The Clean Coalition and other DPAG stakeholders are also asking the CPUC to give utilities more flexibility in how they procure DERs, White noted. Right now, the going model for how this happens is called the Integrated Distributed Energy Resources Competitive Solicitation Framework, and its implementation in practice is being tested in the Utility Regulatory Incentive Pilot projects each utility was ordered to undertake in late 2016, and which have begun rolling out this year.
This time lag between order and execution highlights some problems in the pilot projects’ execution, such as the time it takes to identify a project, and the time it takes to get CPUC approval to run an RFO, White said. “We’ve asked the commission to give utilities the ability to preapprove these projects and streamline the solicitation process.”
Speeding up this process could help DERs better fit into more rapid timelines for deploying as a grid alternative, he noted. But so could allowing DERs to tap demand response or load reduction in an area to deal with early capacity problems, while also lining up the actual on-site generating assets needed to solve the longer-range problems projected for that circuit — a concept that Clean Coalition has suggested to utilities as a way to include shorter-term grid needs on their list of potential deferral opportunities.

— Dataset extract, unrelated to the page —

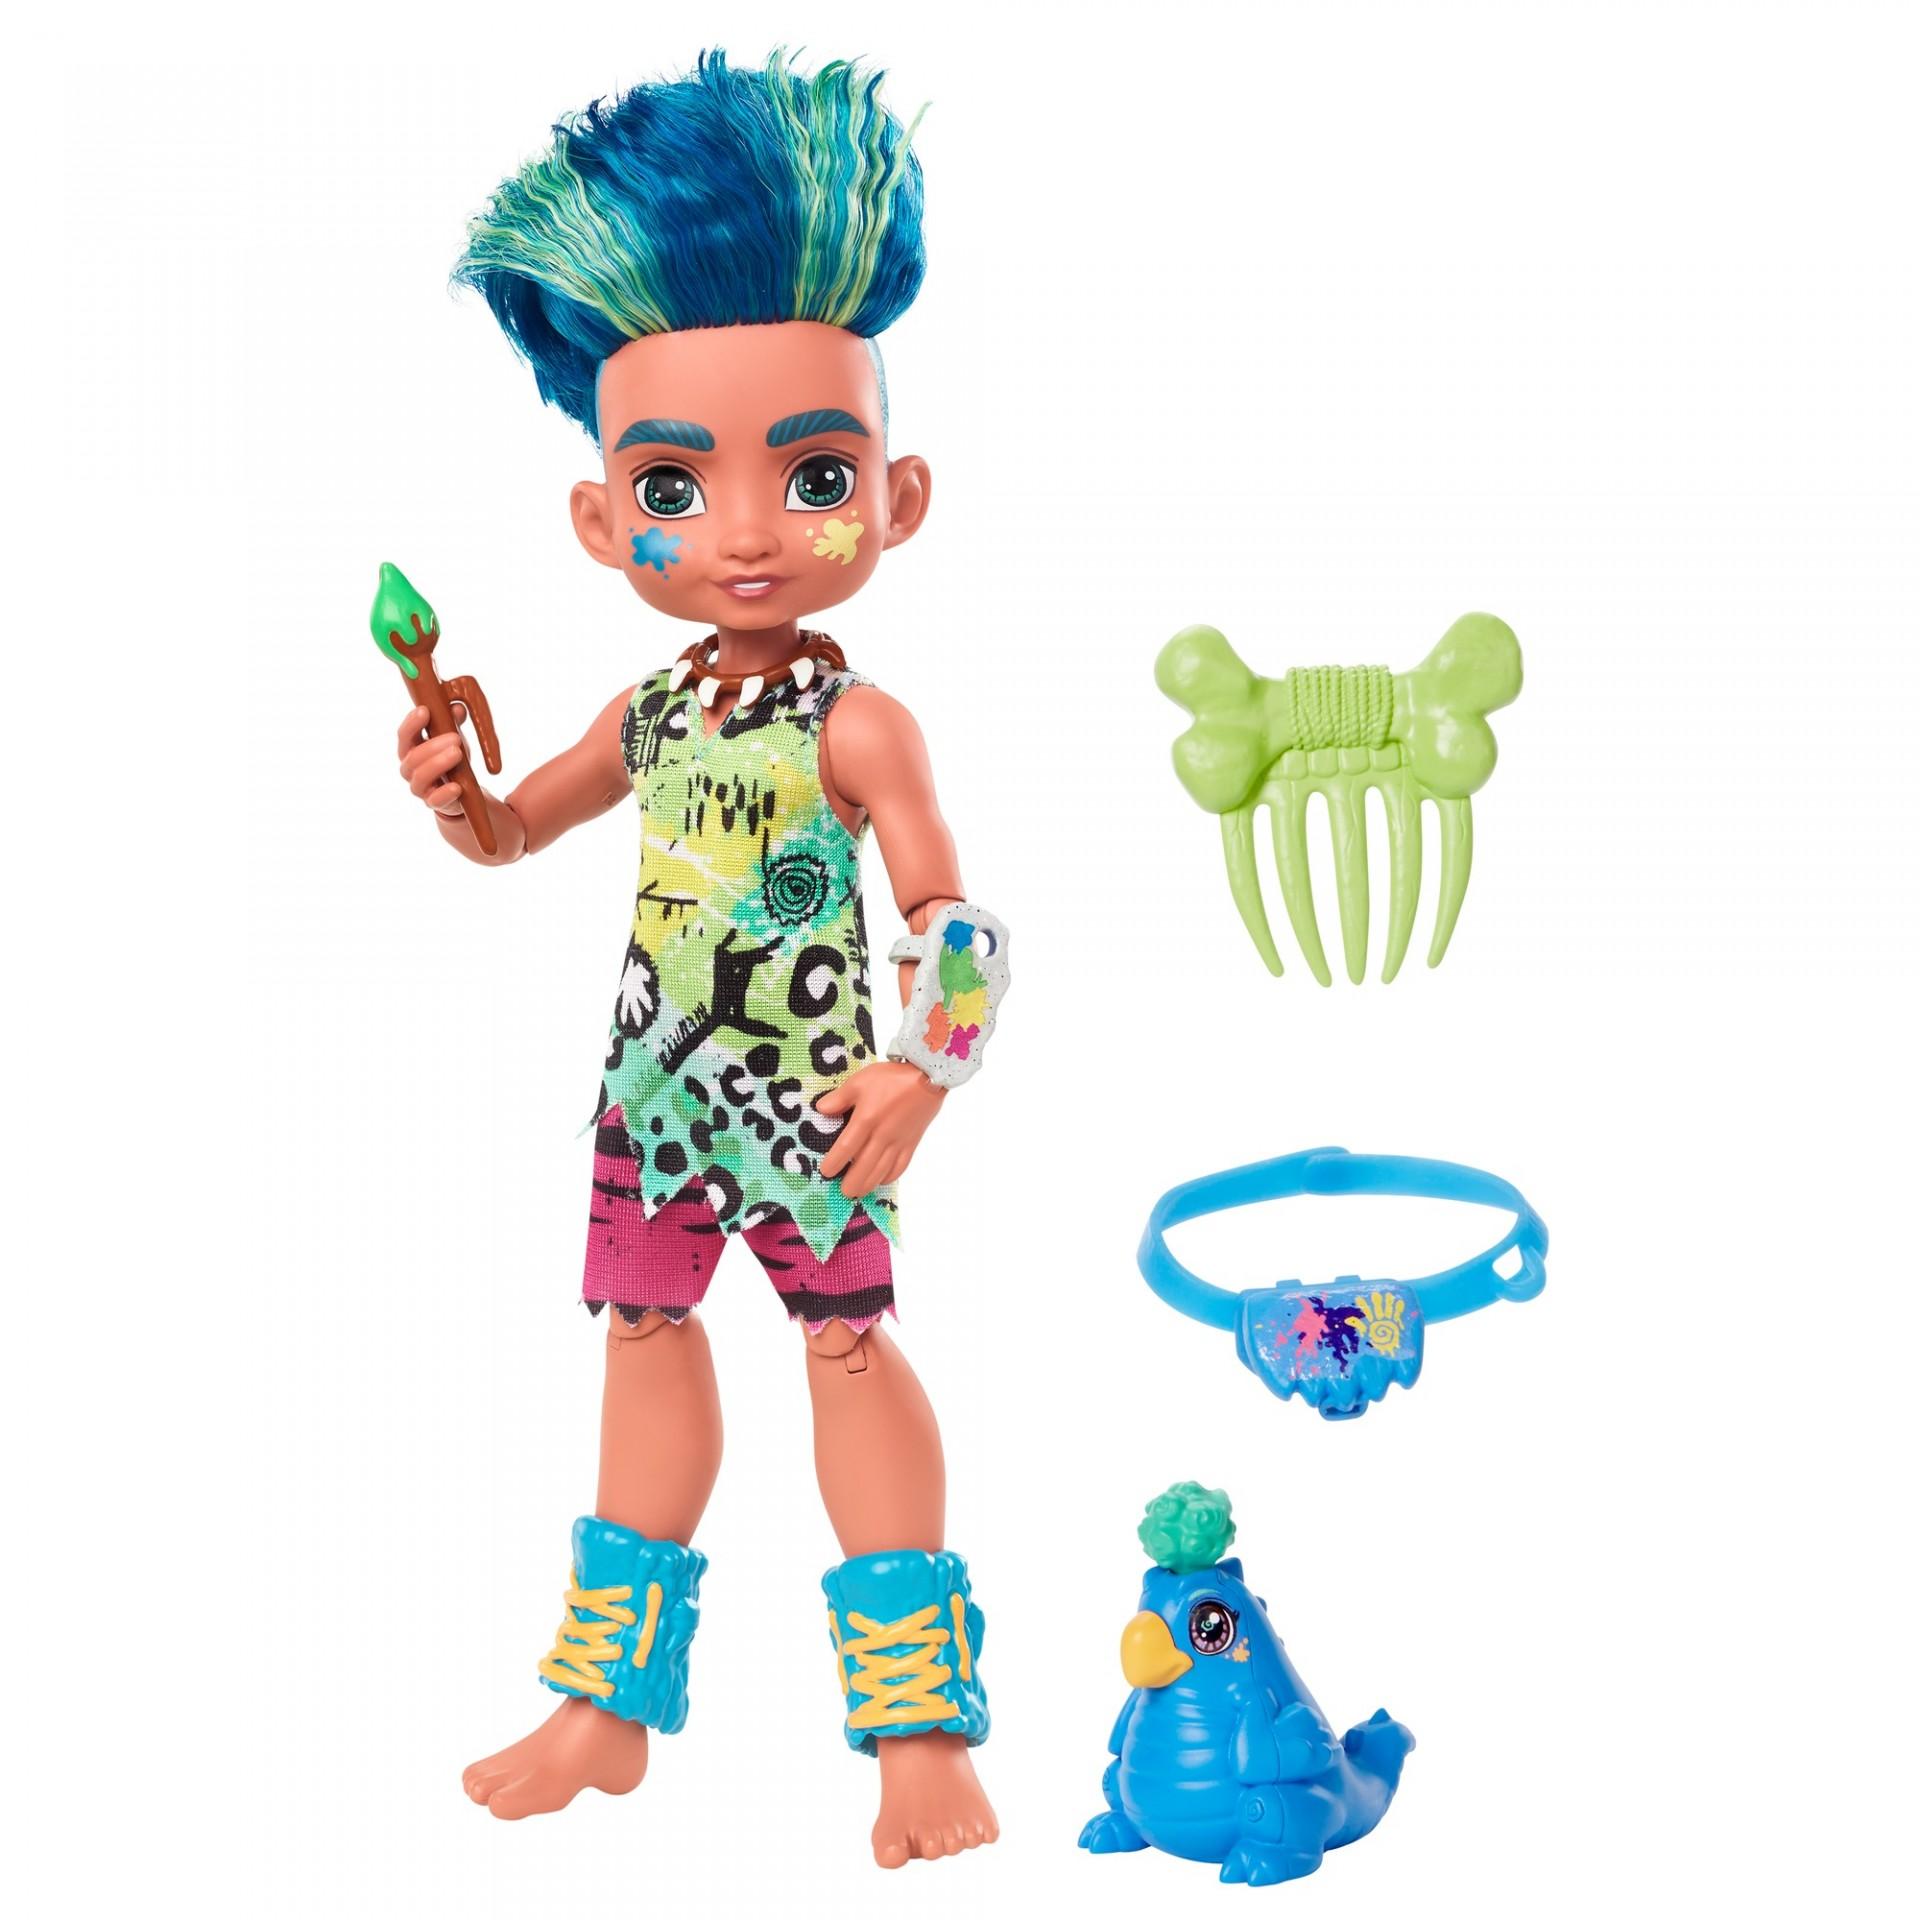 Купить Кукла Слейт и питомец Тэгги Пещерный клуб  Cave Club Slate Doll with Taggy Dinosaur Pet Mattel от

There's also the question of what’s in it for the DER providers. Given the limited public data, it’s hard to project whether DER providers active in California will see the DDORs as an economically attractive opportunity, compared to all the others in the state, whether it’s earning Self-Generation Incentive Program payments, being contracted to provide energy storage under the state’s AB 2514 mandate, providing capacity as part of Southern California Edison’s 2014 local resource procurement, or participating in state grid operator CAISO’s energy markets as a distributed energy resource provider, to name a few examples.
What’s not yet clear is how, or if, these DDOR projects will be able to serve in these additional revenue-generating opportunities, White said. Many of the capacity deferral projects identified in this first round are only asking for “a limited number of hours throughout the year,” he said. “For the rest of the time, that resources can be used for something else.” But this is a bit of a gray area at present, and “there are regulatory issues here, without question,” he said.
These and other issues will have time to be hashed out between now and the utilities’ December deadline for filing advice letters for their first RFOs. But they will also be refined as part of the annual process of which the new DDORs are just the inaugural edition, he added.“The whole point is to do a grid needs assessment every year, and identify distribution deferral opportunities every year,” one that improves as it brings in new data, such as the circuit-by-circuit data being delivered through ICA 2.0, and learns from its mistakes, he said.